The police in Wiltshire, UK, have admitted in a statement posted on Twitter – reacting to what they call widespread commentary online – that their response to Kellie-Jay Keen’s YouTube video was “not wholly proportionate.”
Two police officers showed up at feminist YouTuber’s home on Sunday because of her comments made online about transgender issues, informing Keen they were acting on a complaint received by a viewer unhappy about her content.
It was a video titled, Mermaids, Drag and Grooming, that contained footage from a gay pride gathering showing a 12-year-old boy dressed in drag. The YouTuber’s comment about the child seen dancing on stage was that he was “being exploited.”
According to Keen, the officers said the complaint had to do with her “saying something untoward about pedophiles.” It soon became clear that the policemen never watched the video and could not properly answer whether her online activity constituted a crime, but said they were ready to go back to the station and watch it.
Predictably, the incident produced “widespread commentary online,” as the Wiltshire police put it, and then they produced the statement.
It says that officers acted on a report from a member of the public, and were dispatched to Keen’s house with the purpose of offering “words of advice” concerning her comments heard in the video – that those behind the complaint “felt” were offensive.
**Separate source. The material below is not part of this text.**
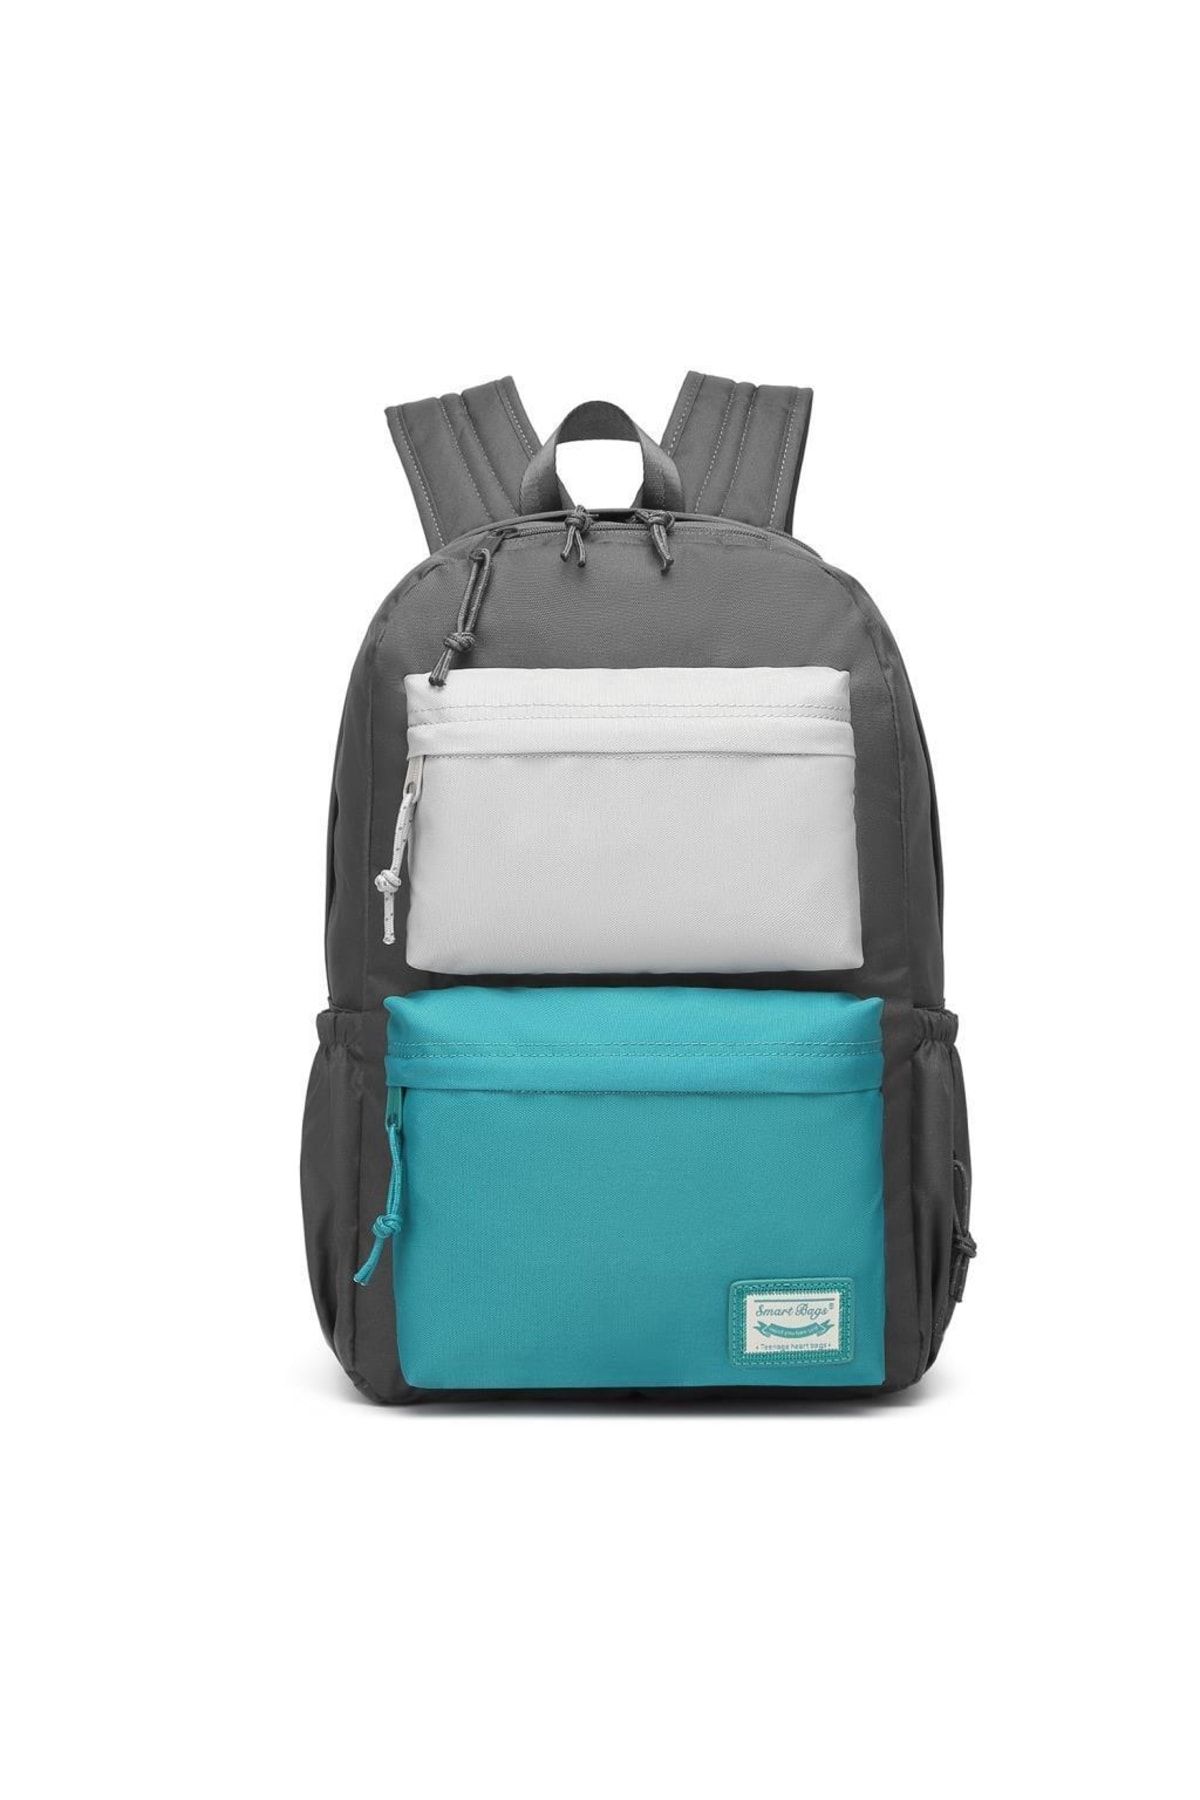 Smart Bags Sırt Çantası Okul Boyu Laptop Gözlü 3155

Since “words of advice” have been delivered, “no further additional police action will take place and the matter has been closed,” Wiltshire police tweeted.
The statement added that the response was reviewed, in the context of the new guidance from the College of Policing concerning hate crime, and that the result of this introspection is that, “the response from the force was not wholly proportionate.”
In order to justify the incident, the police further said that its officers “acted with the best intentions” – but apparently unaware not only of the content of the video, but also of the most up-to-date version of the guidance that is supposed to inform their actions.
The guidance “only changed last week,” said the police.
“We are currently working on ensuring the latest national guidance is fully shared within our organization to provide clarity to officers on how reports of this nature should be dealt with on a case by case basis to ensure a consistent and proportionate response,” they concluded.